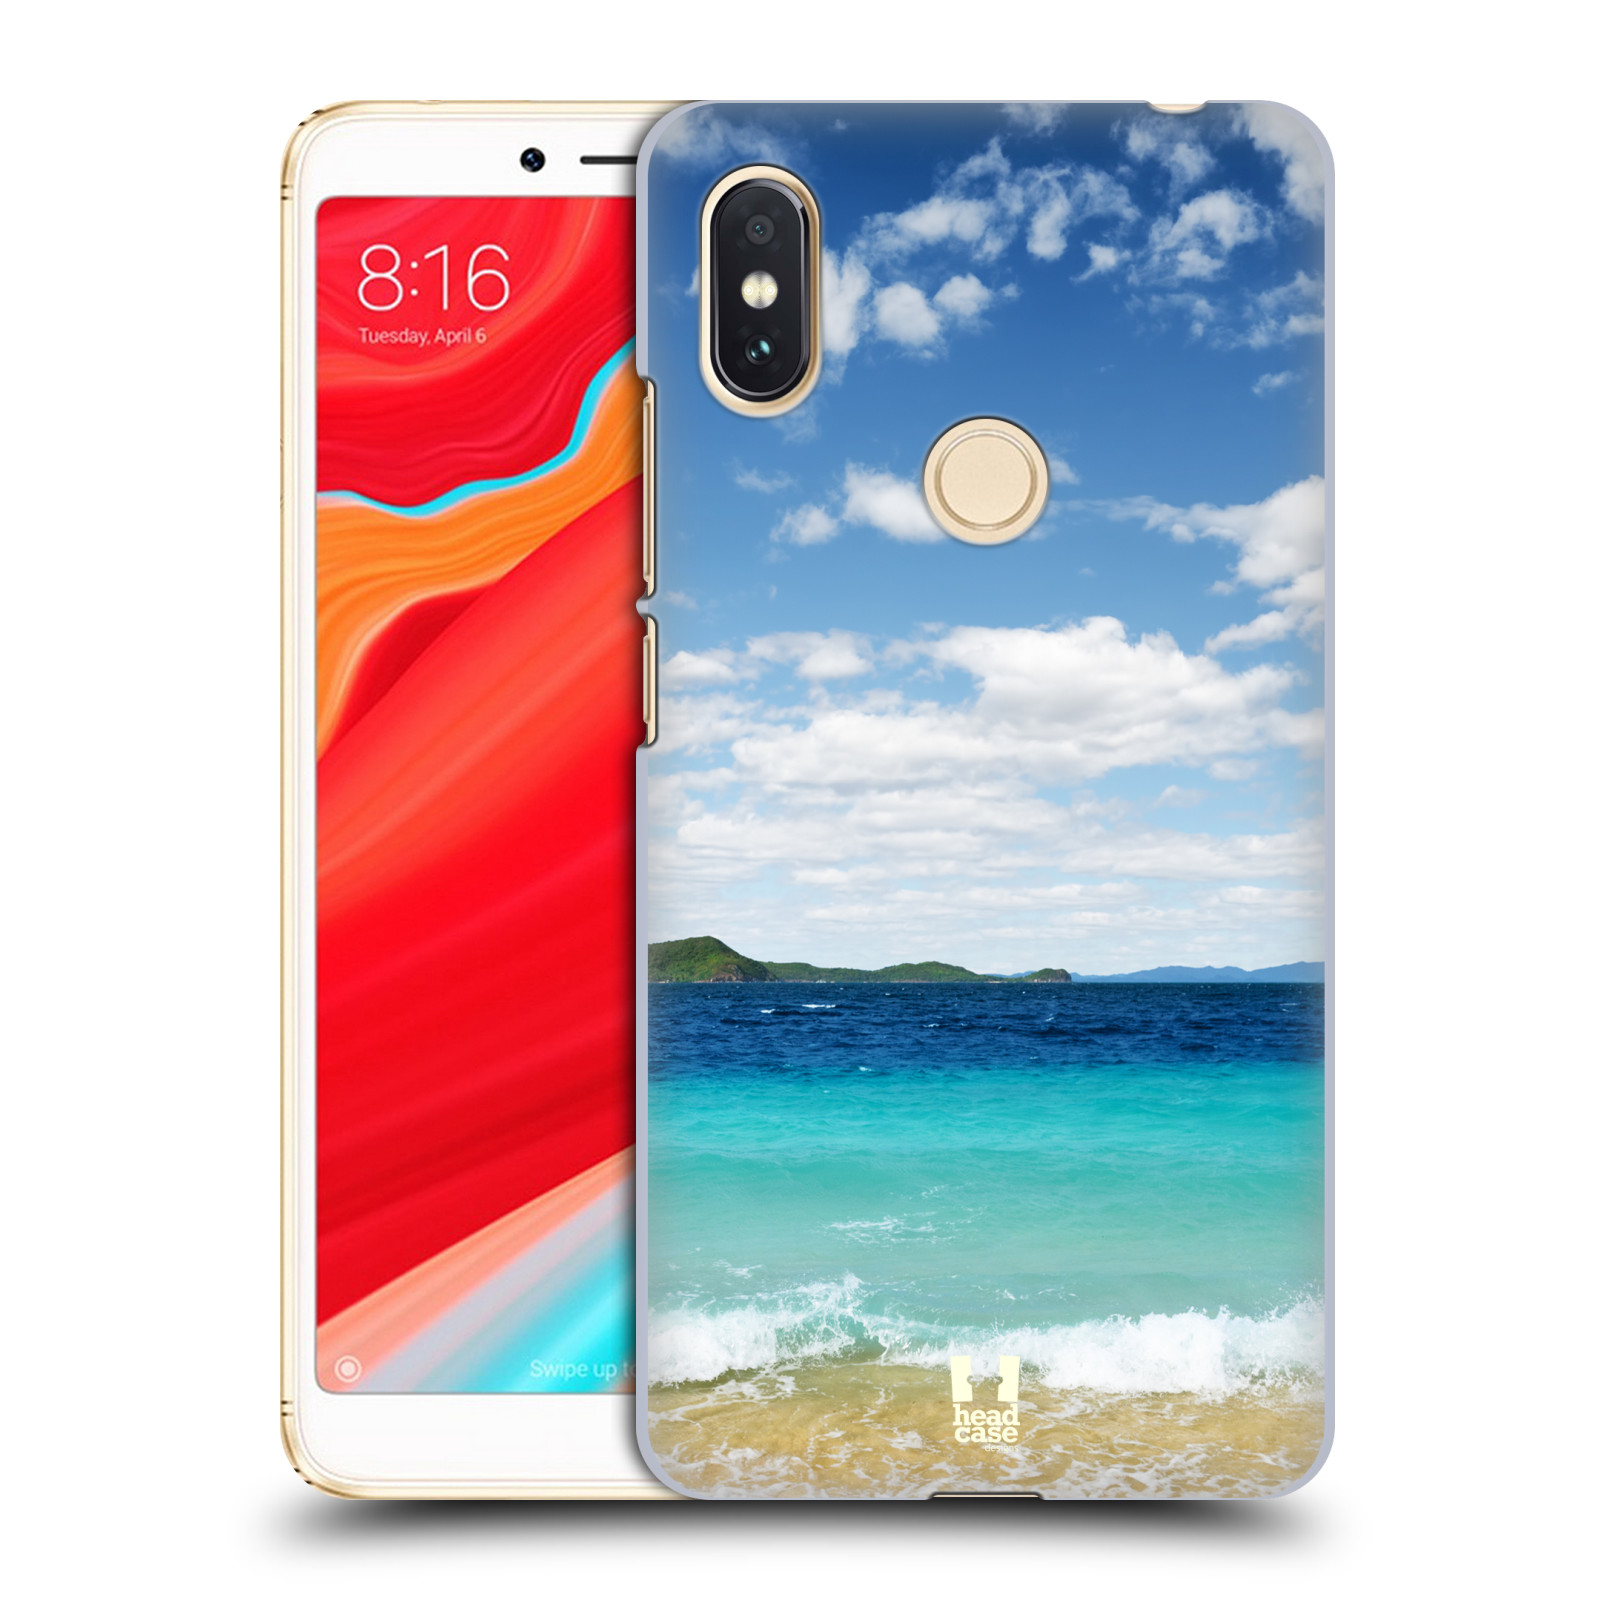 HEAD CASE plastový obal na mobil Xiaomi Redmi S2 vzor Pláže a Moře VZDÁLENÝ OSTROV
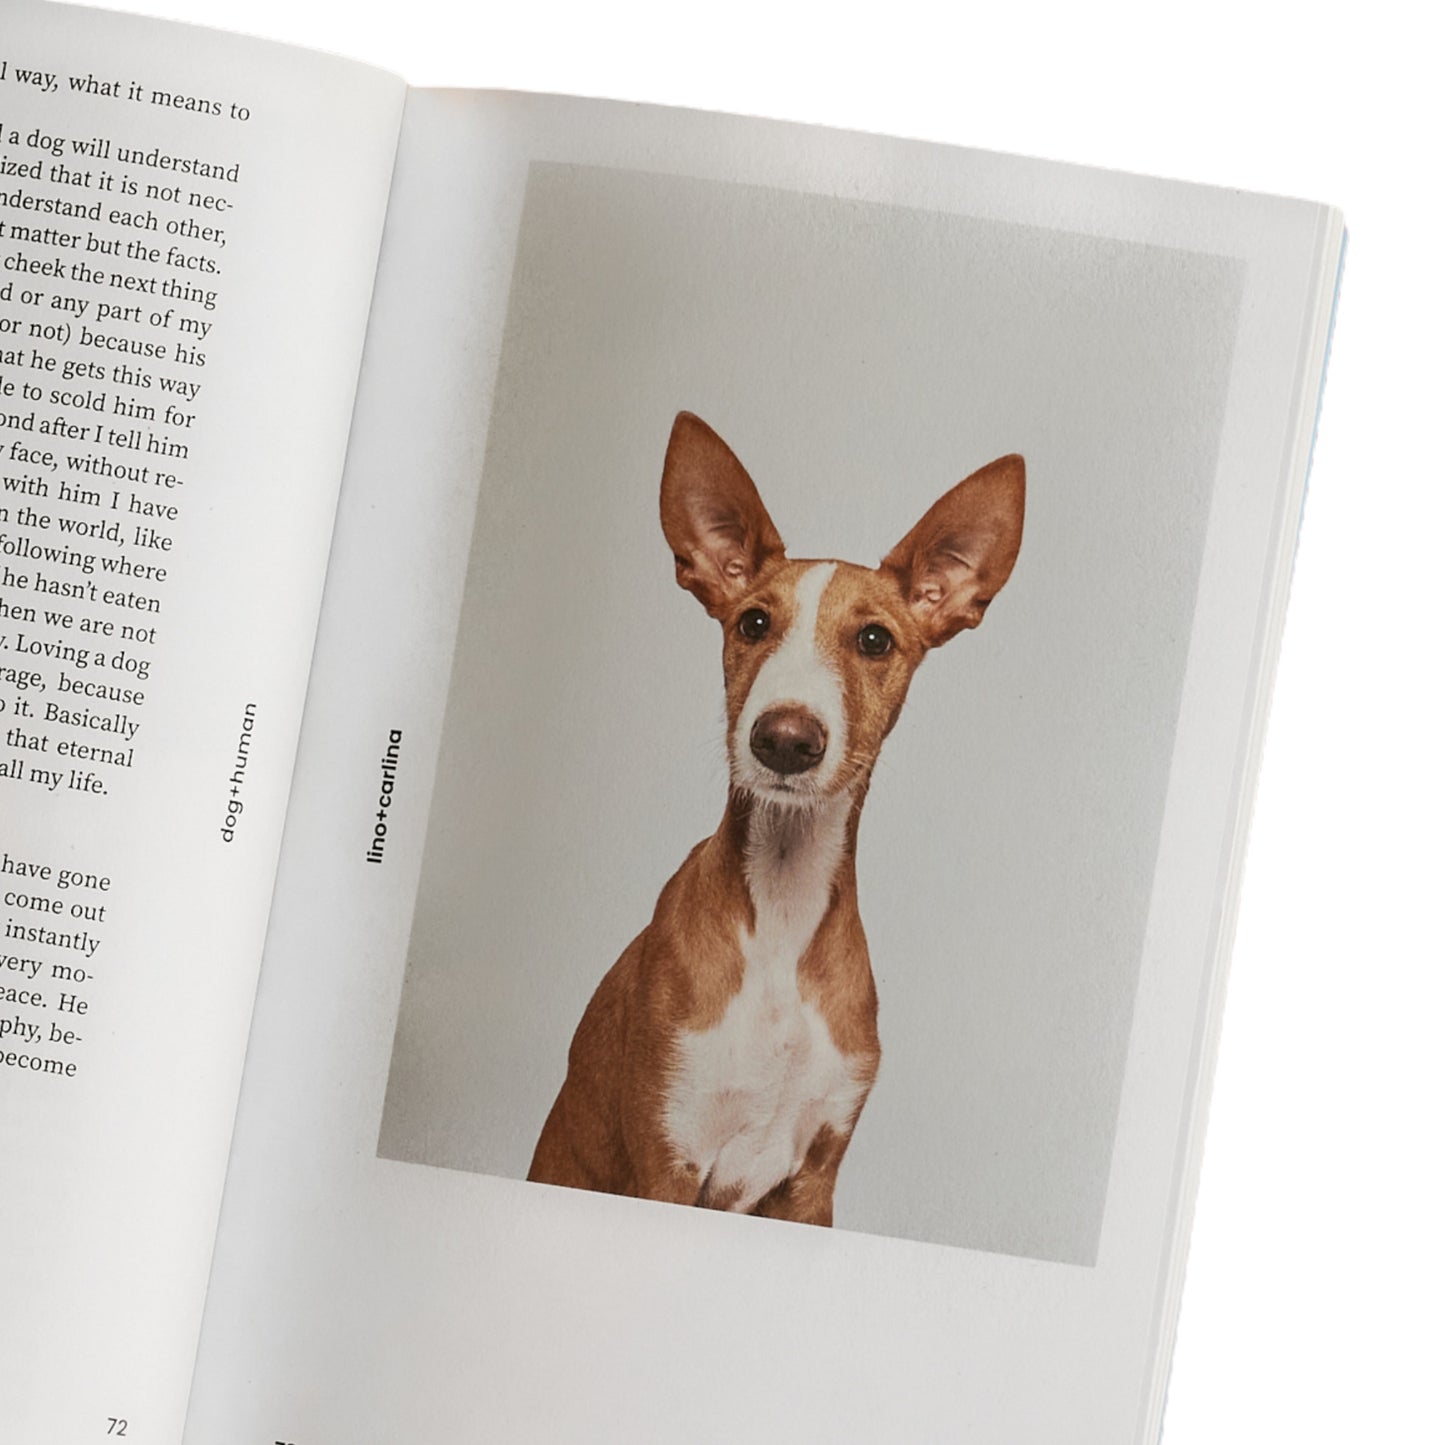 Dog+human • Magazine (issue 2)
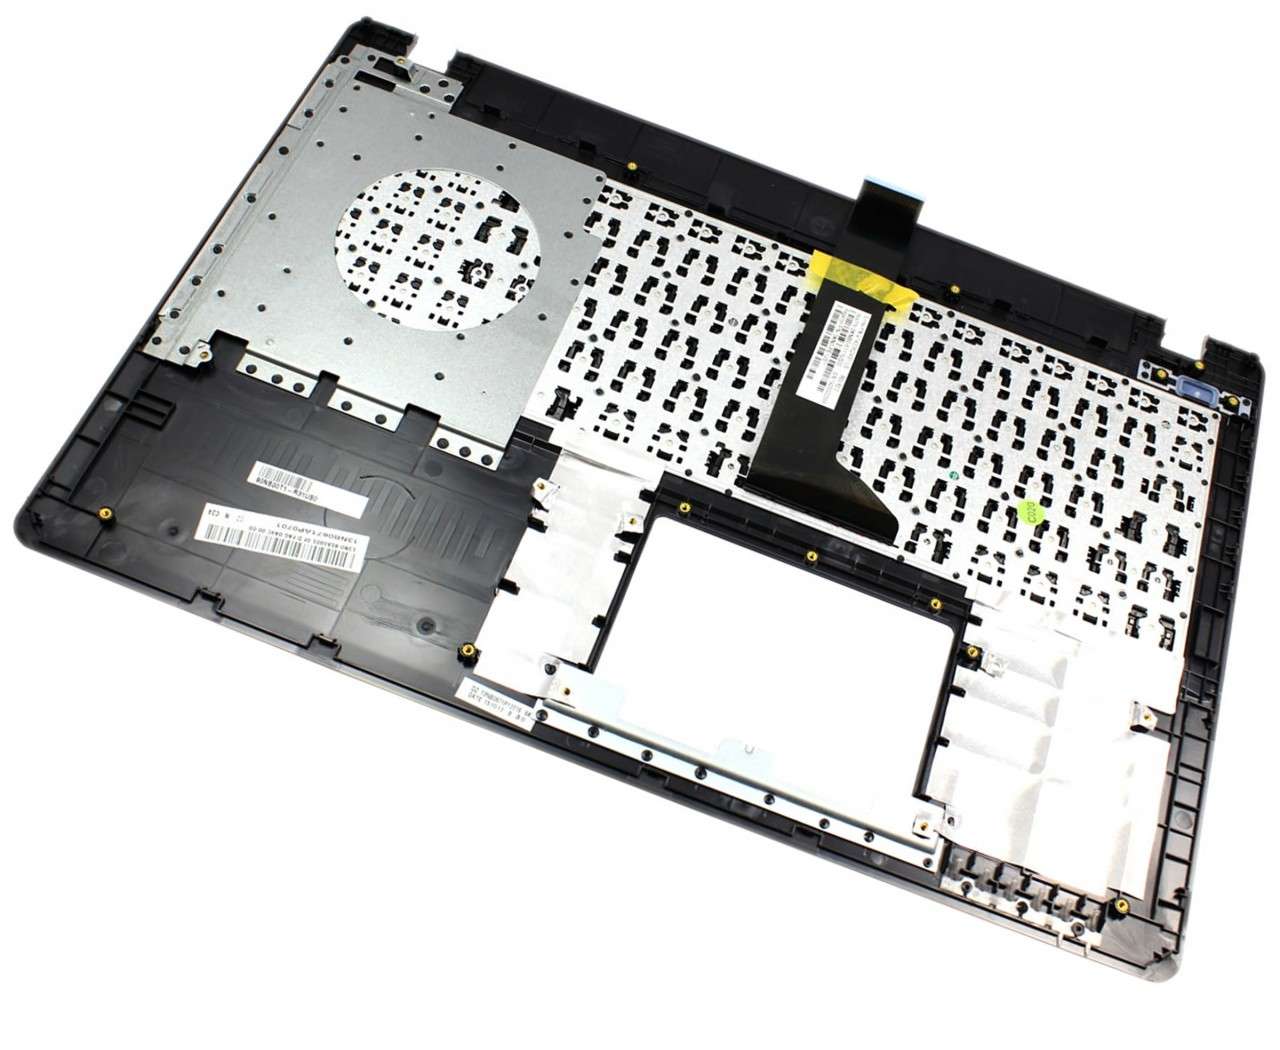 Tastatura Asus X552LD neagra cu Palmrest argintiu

▶ [INSTRUCTIONS TO FOLLOW]
Pictures are not part of the copy. Please reproduce the material word for word.

▶ [EXERCISE RESPONSE]
 HEAD CASE plastový obal na mobil Xiaomi Redmi S2 vzor Pláže a Moře VZDÁLENÝ OSTROV
 Dog+human • Magazine (issue 2)
 Tastatura Asus X552LD neagra cu Palmrest argintiu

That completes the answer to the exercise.